La première est l’urgence. L’étudiant doit démontrer que l’exécution de la sanction porte une atteinte grave et immédiate à sa situation. La jurisprudence montre que cette condition est appréciée de manière concrète.

Ainsi, les juges considèrent souvent que l’urgence n’est pas caractérisée pour les sanctions légères, comme un avertissement. Les tribunaux administratifs ont par exemple jugé que la simple présence d’un avertissement au dossier, susceptible d’affecter une future candidature en master, ne constituait pas une atteinte suffisamment immédiate.

En revanche, l’urgence est plus facilement reconnue en cas d’exclusion temporaire, notamment lorsque l’étudiant ne peut plus accéder aux cours ou se réinscrire dans sa formation.
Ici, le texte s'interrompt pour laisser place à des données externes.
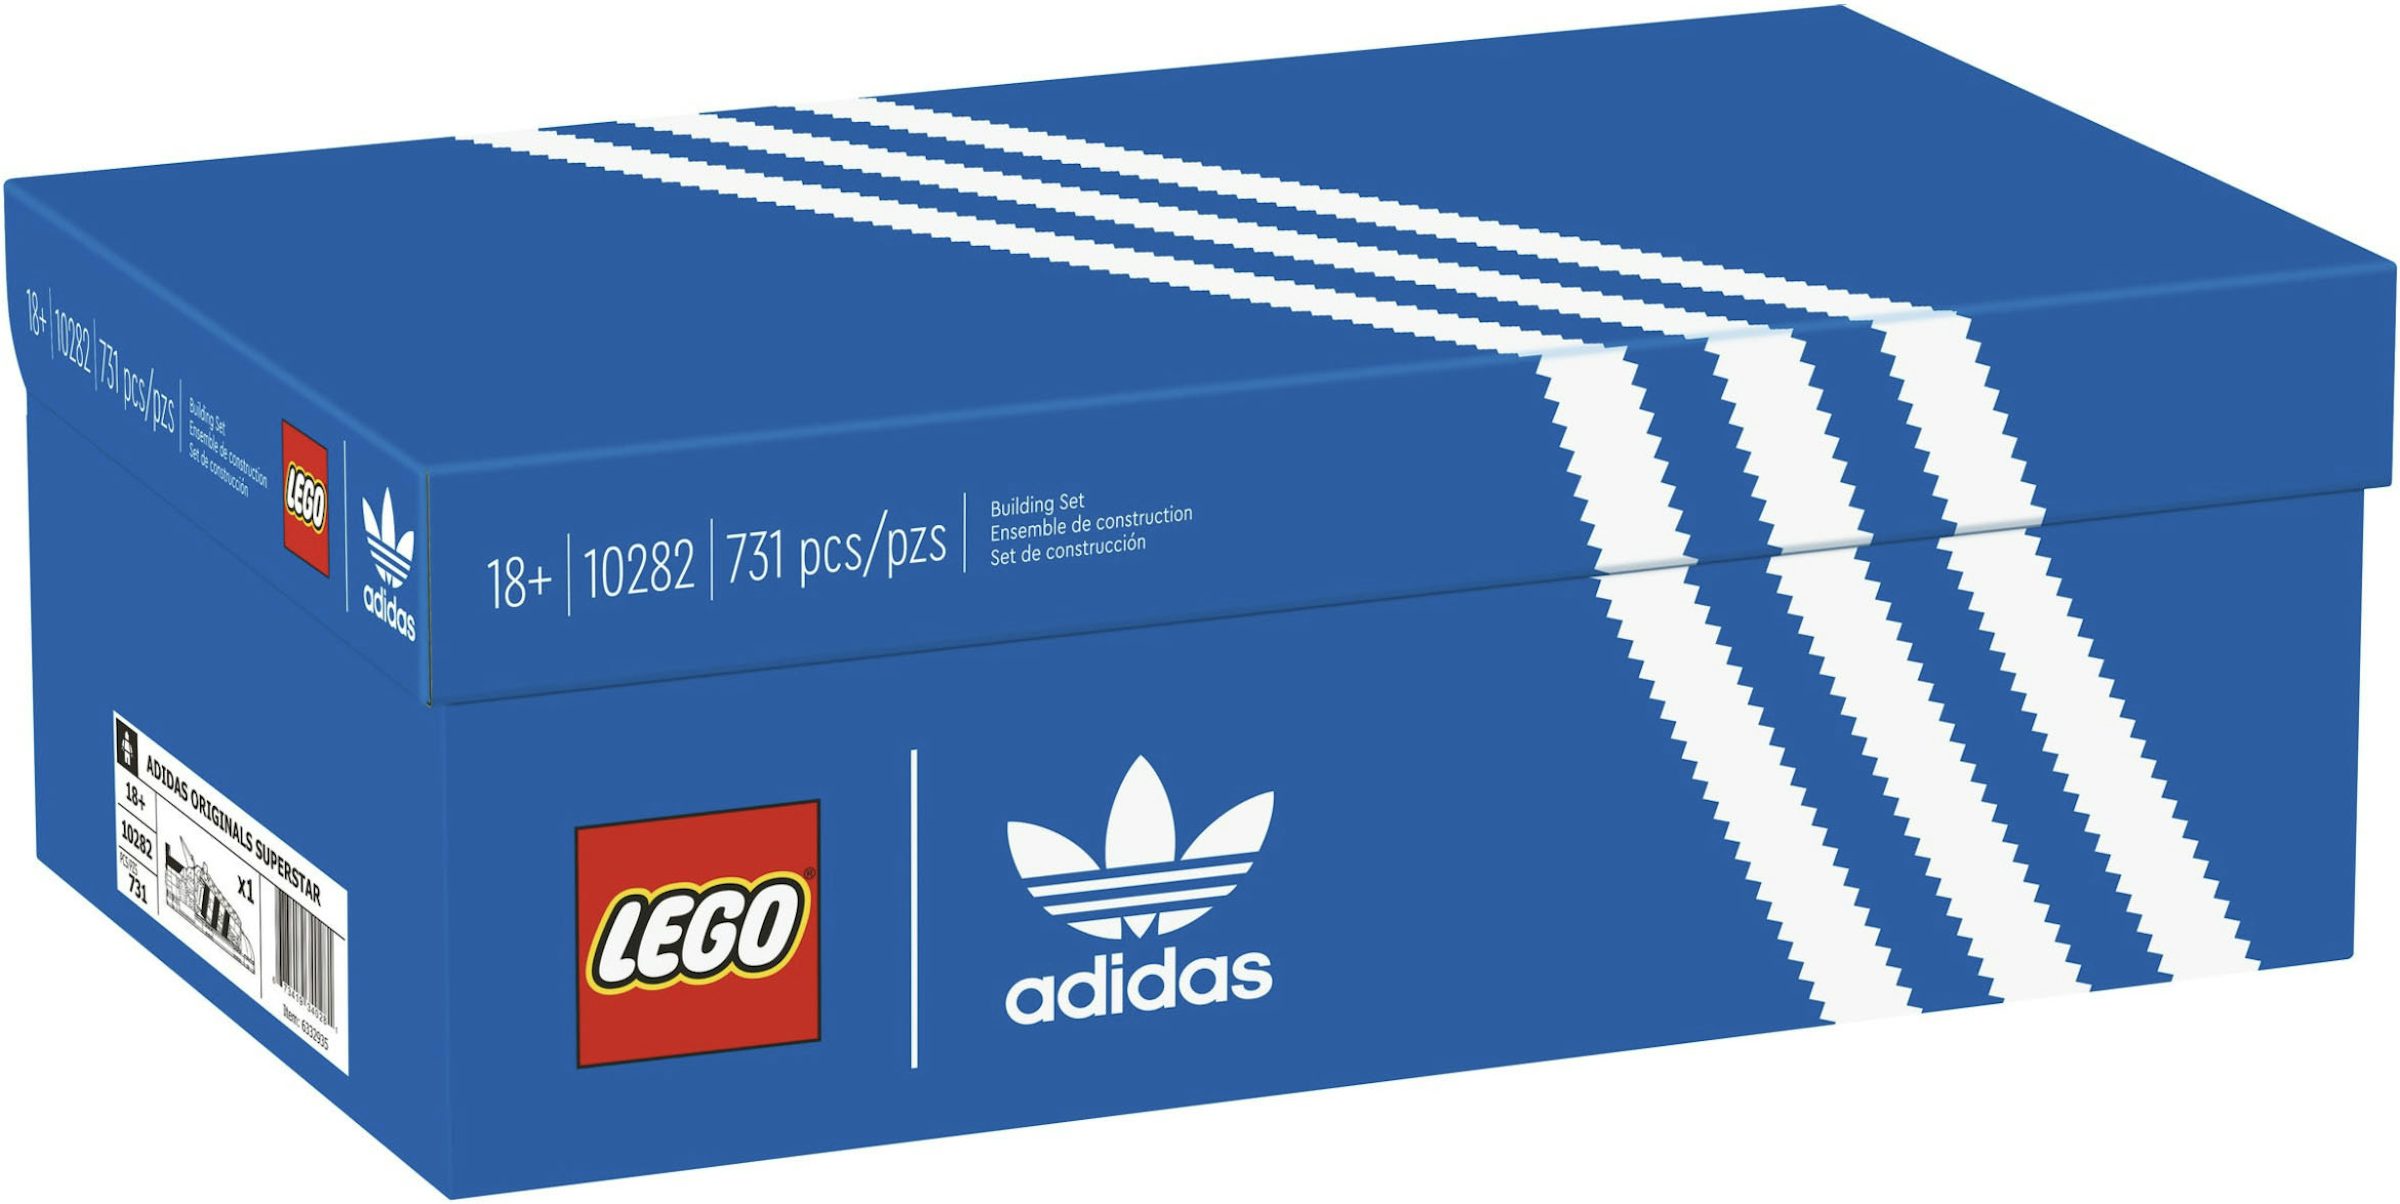 G nederdel billedtekst LEGO adidas Original Superstar Set 10282 - SS21 - US
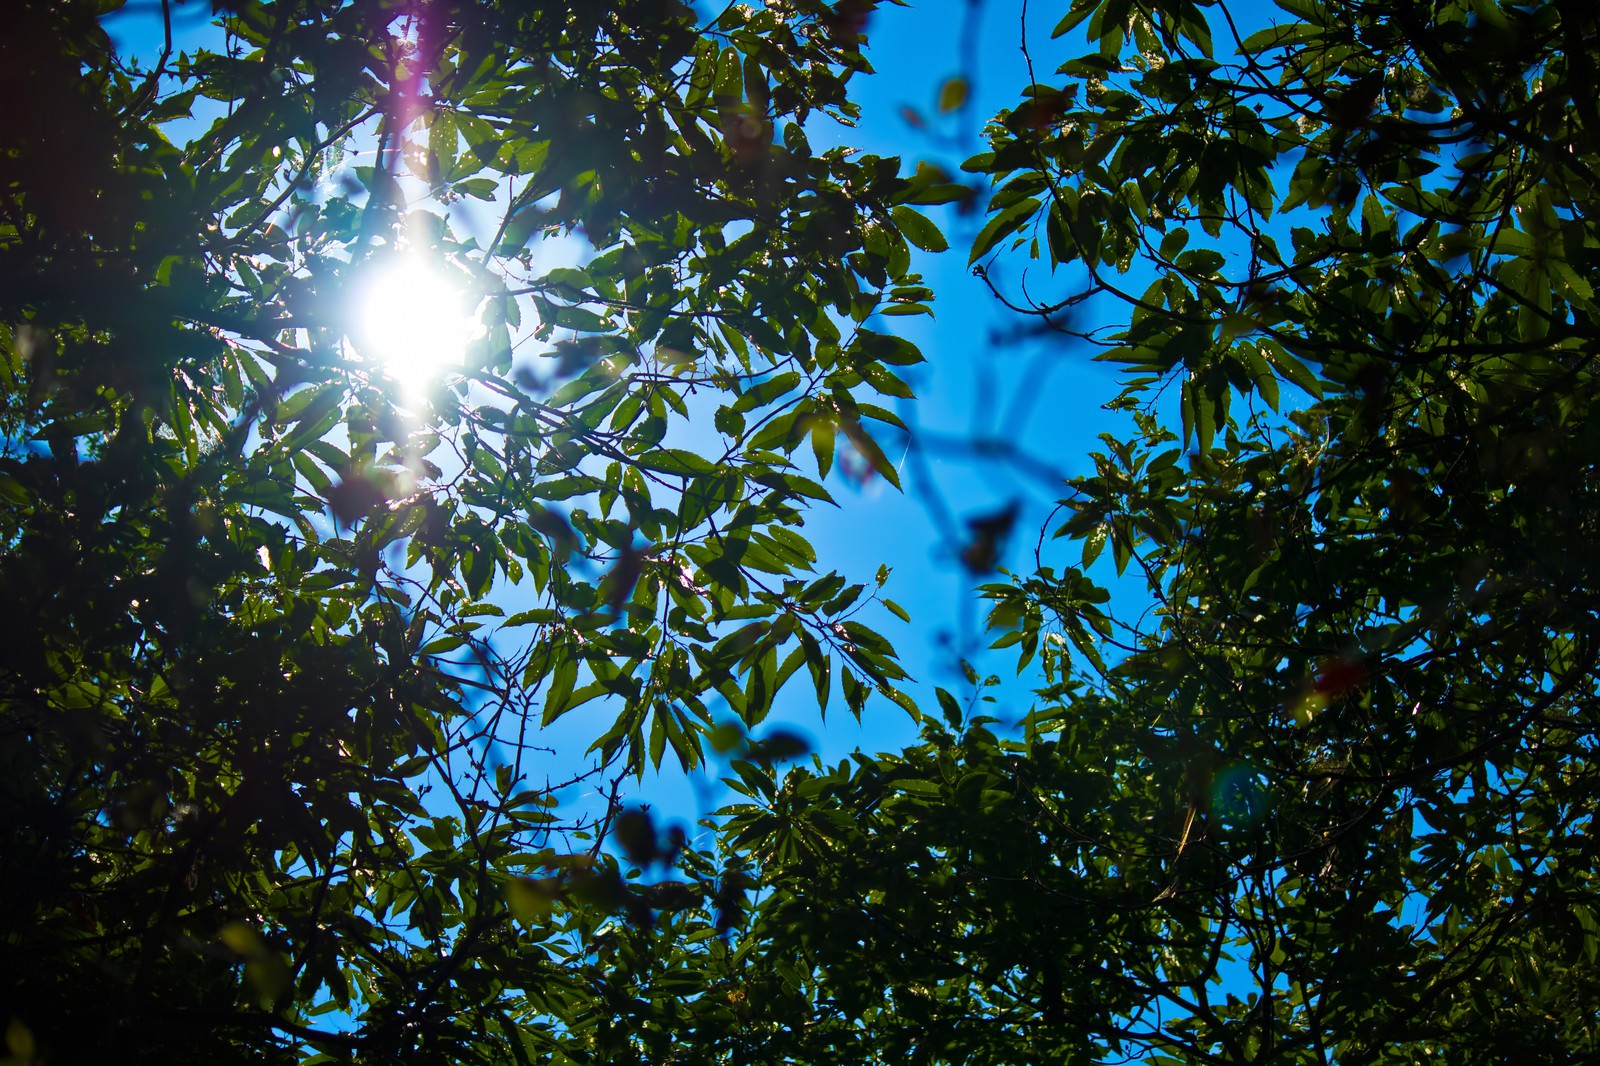 「真夏の木漏れ日真夏の木漏れ日」のフリー写真素材を拡大

Dans certaines décisions, une exclusion de plusieurs mois a été jugée suffisamment grave pour justifier l’intervention du juge des référés.

La seconde condition est l’existence d’un doute sérieux sur la légalité de la décision disciplinaire. Ce doute peut résulter de plusieurs éléments.

Les juridictions administratives ont ainsi suspendu des sanctions en raison d’irrégularités de procédure, par exemple lorsque l’étudiant n’avait pas été correctement informé de l’ouverture de la procédure disciplinaire.

Le doute sérieux peut également découler de la disproportion de la sanction. Dans une affaire relative à des faits de bizutage ayant entraîné l’hospitalisation d’un étudiant, le juge des référés a considéré que l’exclusion de quatre ans de toute université publique était excessive au regard des circonstances.

Enfin, les juges peuvent suspendre une sanction lorsque le lien entre les faits reprochés et le fonctionnement de l’établissement n’est pas suffisamment établi, notamment lorsque les faits se sont déroulés en dehors de l’université.

La contestation d’une sanction disciplinaire universitaire suppose donc une analyse précise du dossier et de la procédure disciplinaire. Le référé constitue souvent un levier déterminant pour protéger rapidement la situation académique de l’étudiant, dans l’attente de la décision définitive du juge administratif.